What the task requires:
The result should be an exact copy of only the lines from the one holding "An infographic displaying" through the last line of the data below, please, without pictures.

——————

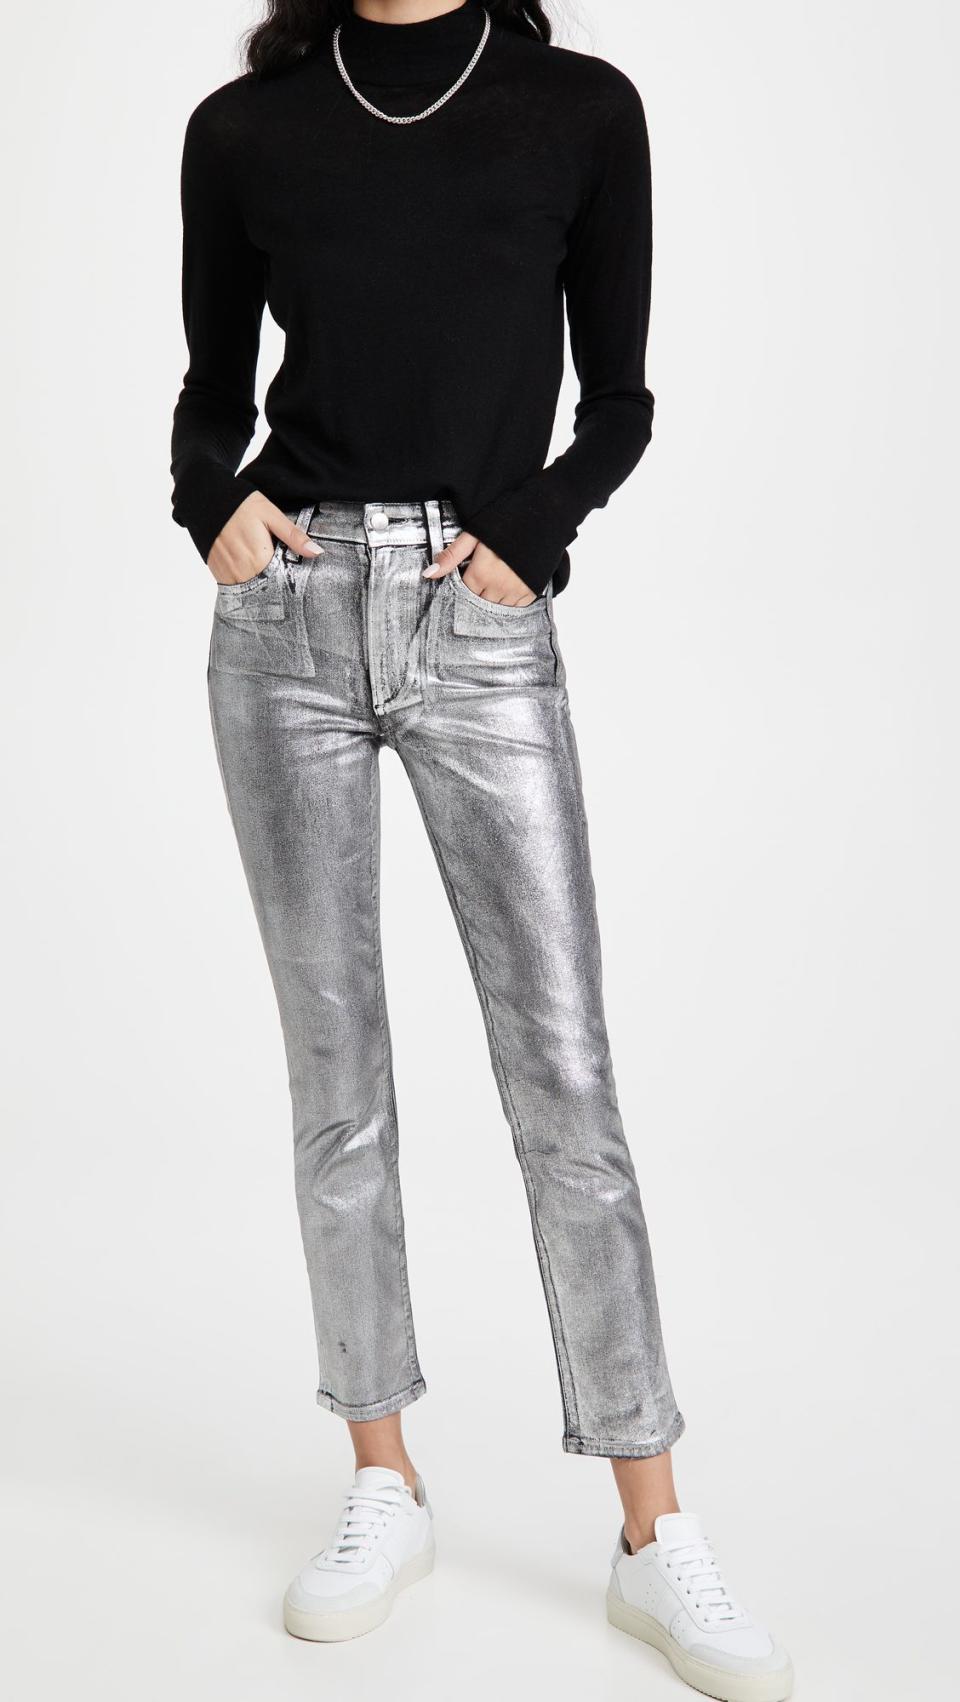 14) The Luna Ankle Metallic Lacquer Jeans
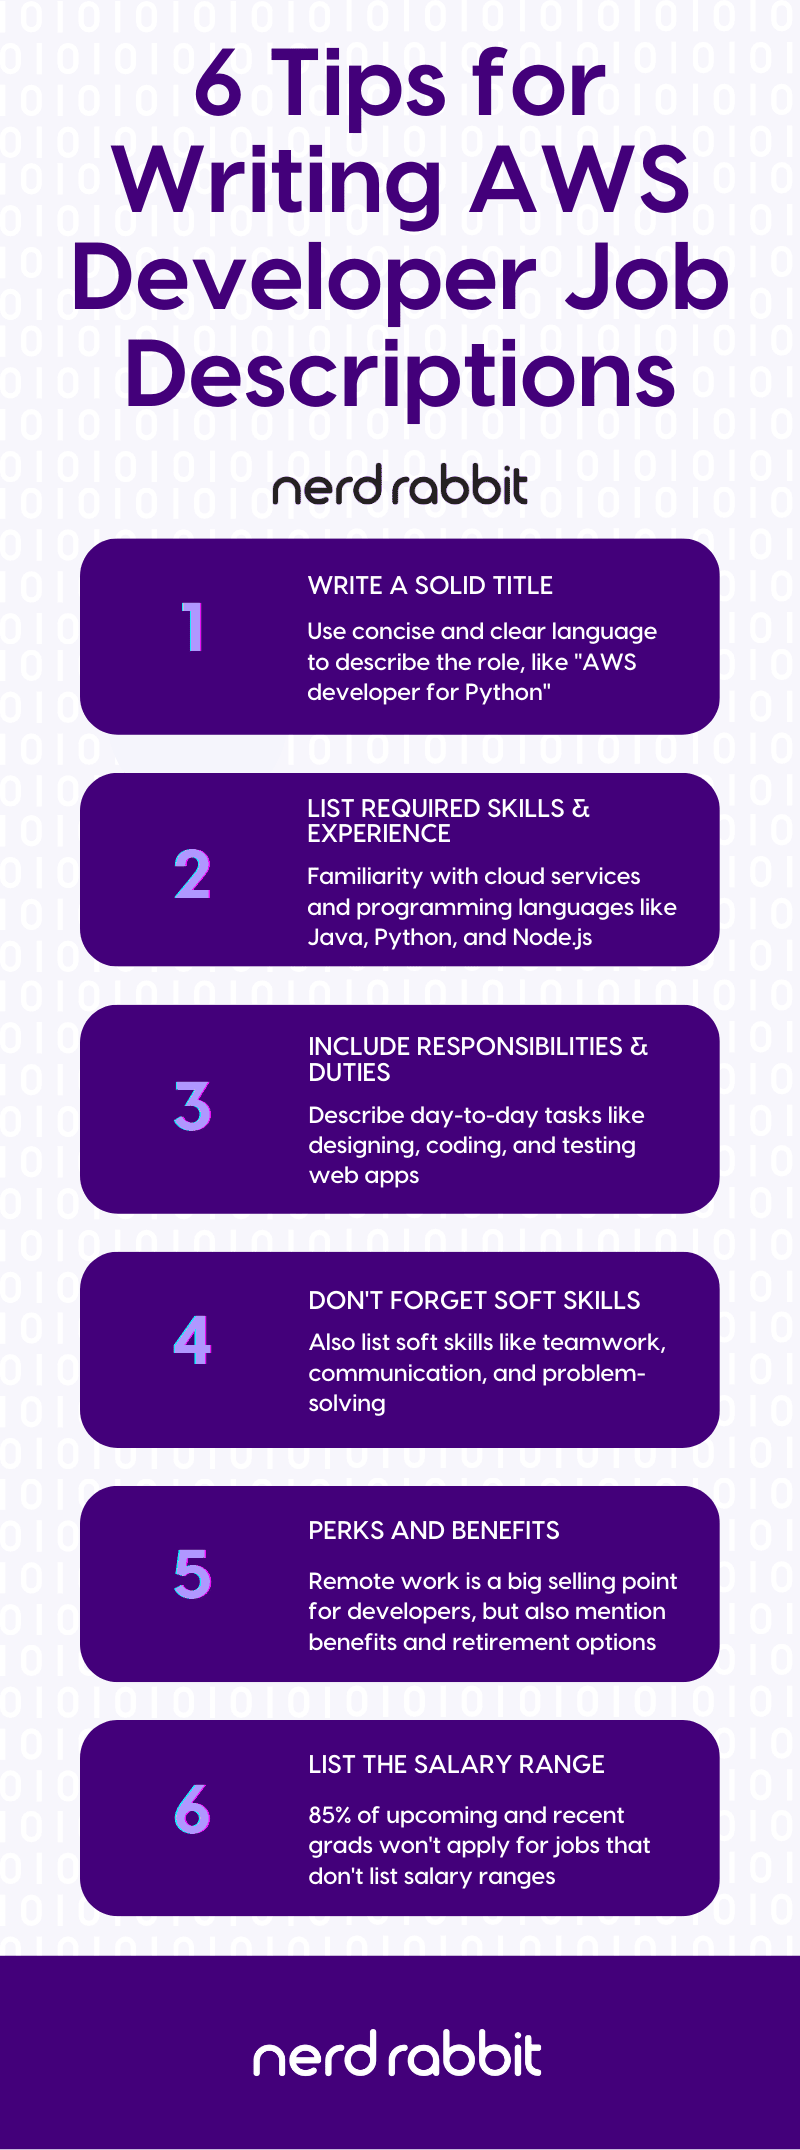 An infographic displaying six tips for writing AWS developer job descriptions.
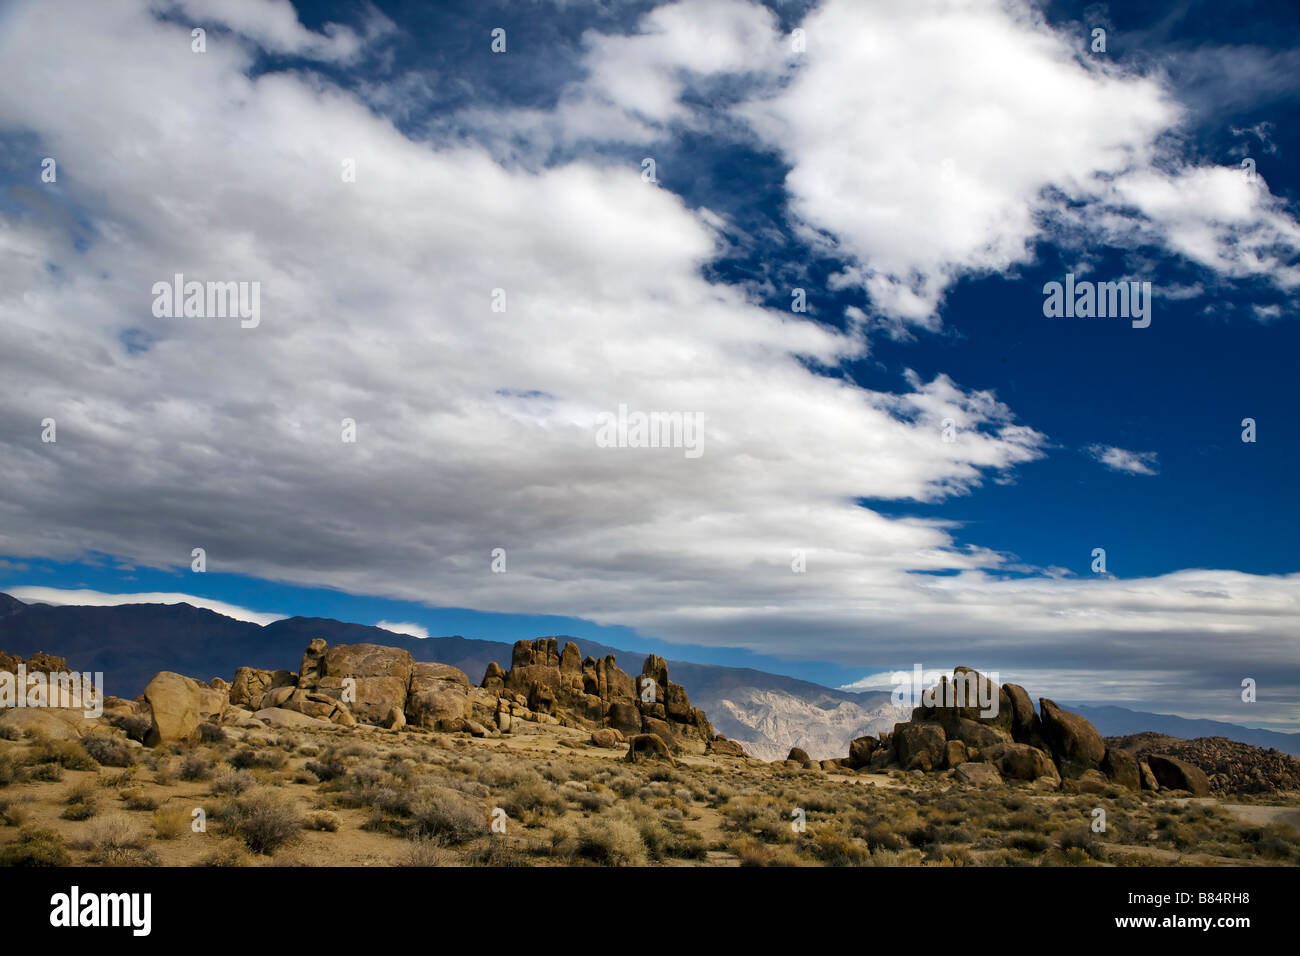 Landscape with white clouds and blue sky Alabama Hills Recreation Lands Lone Pine California Stock Photo
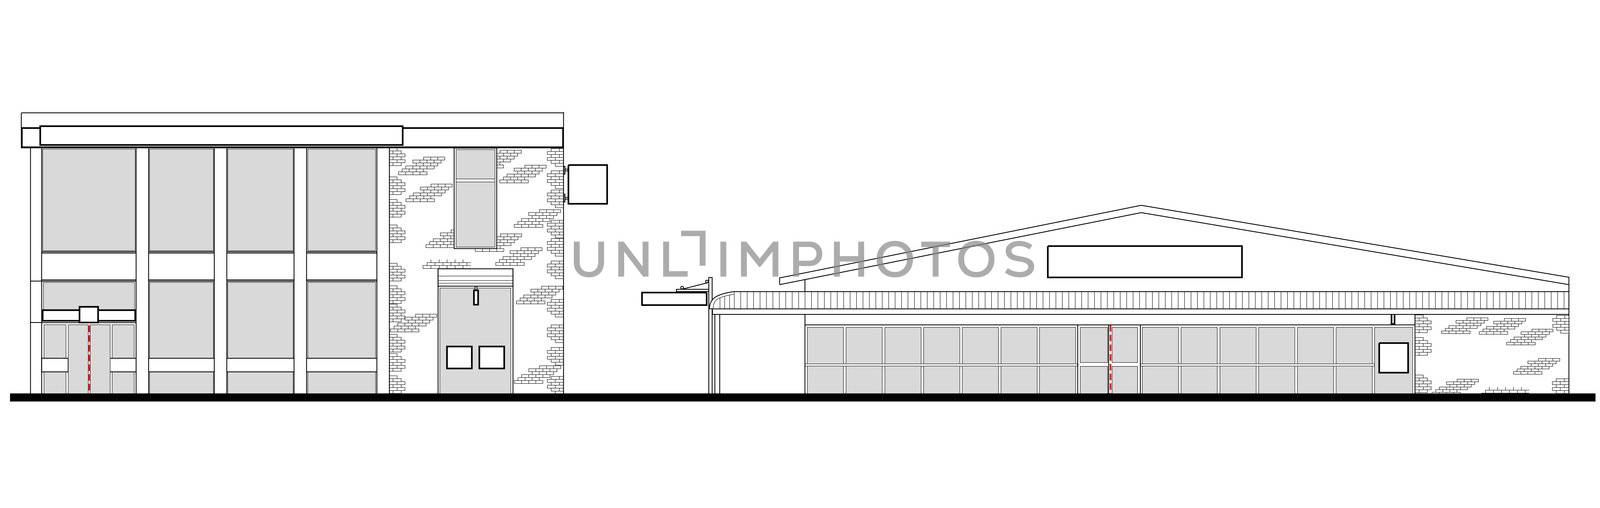 line drawing illustration of a strip mall or shopping center building viewed from front elevation on white background
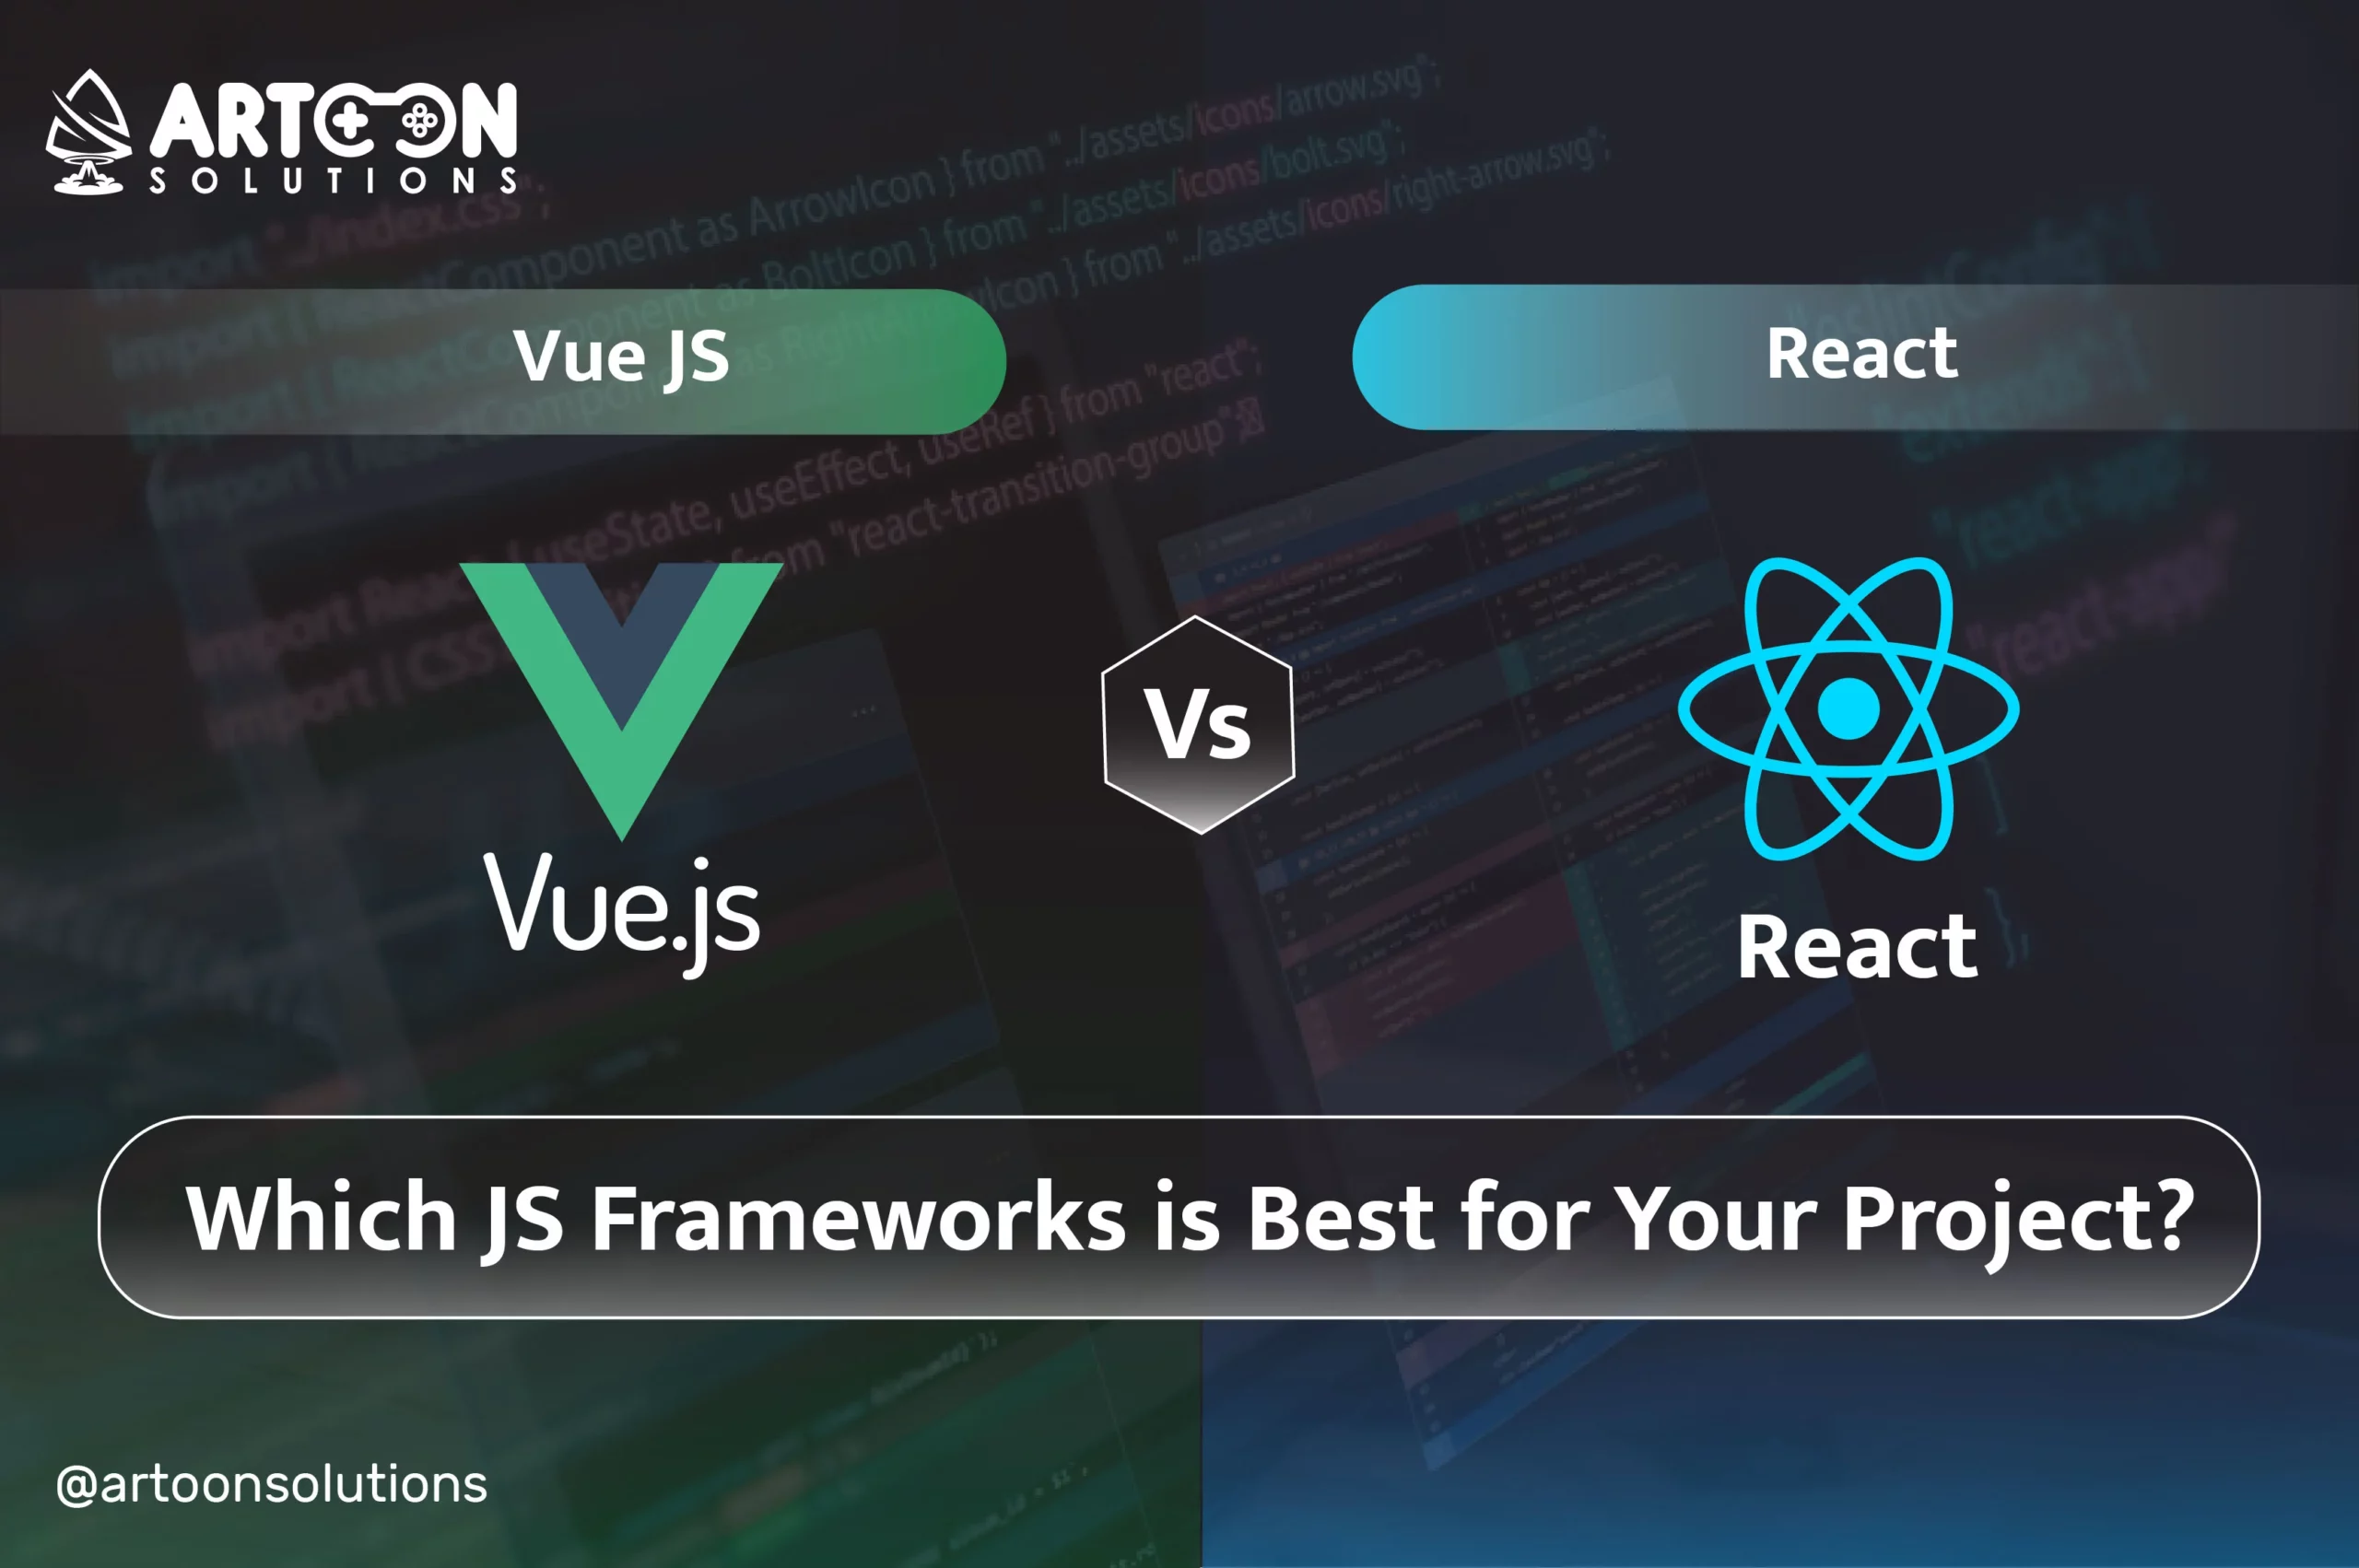 Vue JS vs React: Which JS Frameworks is Best for Your Project?

——————

Result of this task:
 An infographic displaying six tips for writing AWS developer job descriptions.
 Landscape with white clouds and blue sky Alabama Hills Recreation Lands Lone Pine California Stock Photo
 line drawing illustration of a strip mall or shopping center building viewed from front elevation on white background
 Vue JS vs React: Which JS Frameworks is Best for Your Project?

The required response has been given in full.